▸ Work required
In the listing below, a line holding "Rowland Family Dentistry" and a line holding "Tomb Raider Underworld" mark the range. Retype both exactly, with all lines between them.

▸ Records supplied
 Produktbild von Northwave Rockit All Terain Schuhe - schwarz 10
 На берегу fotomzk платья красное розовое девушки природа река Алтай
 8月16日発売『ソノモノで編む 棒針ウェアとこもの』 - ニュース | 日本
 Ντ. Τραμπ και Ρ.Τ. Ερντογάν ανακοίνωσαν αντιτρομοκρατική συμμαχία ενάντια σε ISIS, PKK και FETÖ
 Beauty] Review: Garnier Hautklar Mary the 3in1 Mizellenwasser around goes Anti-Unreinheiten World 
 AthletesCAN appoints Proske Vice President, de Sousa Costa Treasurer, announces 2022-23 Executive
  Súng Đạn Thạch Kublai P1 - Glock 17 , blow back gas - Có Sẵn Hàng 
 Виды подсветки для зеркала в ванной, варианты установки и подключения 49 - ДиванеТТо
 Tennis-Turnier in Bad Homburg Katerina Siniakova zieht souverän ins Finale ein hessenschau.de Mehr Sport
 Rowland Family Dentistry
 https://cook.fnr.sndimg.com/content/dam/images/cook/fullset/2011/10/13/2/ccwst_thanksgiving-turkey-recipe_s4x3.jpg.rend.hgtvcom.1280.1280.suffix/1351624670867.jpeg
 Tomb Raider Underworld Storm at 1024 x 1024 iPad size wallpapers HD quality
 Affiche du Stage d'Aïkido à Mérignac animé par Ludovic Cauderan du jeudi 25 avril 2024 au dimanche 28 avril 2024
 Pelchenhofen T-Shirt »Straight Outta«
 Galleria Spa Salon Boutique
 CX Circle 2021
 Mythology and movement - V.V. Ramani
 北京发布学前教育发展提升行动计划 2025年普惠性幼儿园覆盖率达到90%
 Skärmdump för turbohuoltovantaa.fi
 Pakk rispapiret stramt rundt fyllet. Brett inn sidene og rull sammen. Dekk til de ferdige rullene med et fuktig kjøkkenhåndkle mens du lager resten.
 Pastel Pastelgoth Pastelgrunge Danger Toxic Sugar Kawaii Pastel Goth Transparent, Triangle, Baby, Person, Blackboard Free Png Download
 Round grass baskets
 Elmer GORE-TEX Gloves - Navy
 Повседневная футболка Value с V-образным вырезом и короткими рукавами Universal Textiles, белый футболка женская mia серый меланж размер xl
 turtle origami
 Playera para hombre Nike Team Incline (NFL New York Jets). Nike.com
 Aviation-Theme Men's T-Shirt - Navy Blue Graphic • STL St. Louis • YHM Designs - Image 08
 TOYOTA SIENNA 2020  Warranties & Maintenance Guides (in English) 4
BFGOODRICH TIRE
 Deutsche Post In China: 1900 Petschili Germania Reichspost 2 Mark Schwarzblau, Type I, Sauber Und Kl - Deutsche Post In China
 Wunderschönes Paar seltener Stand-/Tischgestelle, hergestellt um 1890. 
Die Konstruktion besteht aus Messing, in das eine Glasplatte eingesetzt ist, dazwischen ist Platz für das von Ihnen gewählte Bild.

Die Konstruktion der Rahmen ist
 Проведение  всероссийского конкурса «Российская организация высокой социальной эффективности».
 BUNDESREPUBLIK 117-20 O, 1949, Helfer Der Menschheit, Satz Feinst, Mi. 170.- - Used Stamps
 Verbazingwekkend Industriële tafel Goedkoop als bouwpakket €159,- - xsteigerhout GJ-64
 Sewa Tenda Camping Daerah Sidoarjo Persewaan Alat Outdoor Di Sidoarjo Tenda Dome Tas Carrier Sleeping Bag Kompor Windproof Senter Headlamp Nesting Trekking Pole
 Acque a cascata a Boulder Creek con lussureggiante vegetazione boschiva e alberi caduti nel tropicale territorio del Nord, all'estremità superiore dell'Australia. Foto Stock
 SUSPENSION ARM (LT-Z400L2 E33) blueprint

▸ Task solution
 Rowland Family Dentistry
 https://cook.fnr.sndimg.com/content/dam/images/cook/fullset/2011/10/13/2/ccwst_thanksgiving-turkey-recipe_s4x3.jpg.rend.hgtvcom.1280.1280.suffix/1351624670867.jpeg
 Tomb Raider Underworld Storm at 1024 x 1024 iPad size wallpapers HD quality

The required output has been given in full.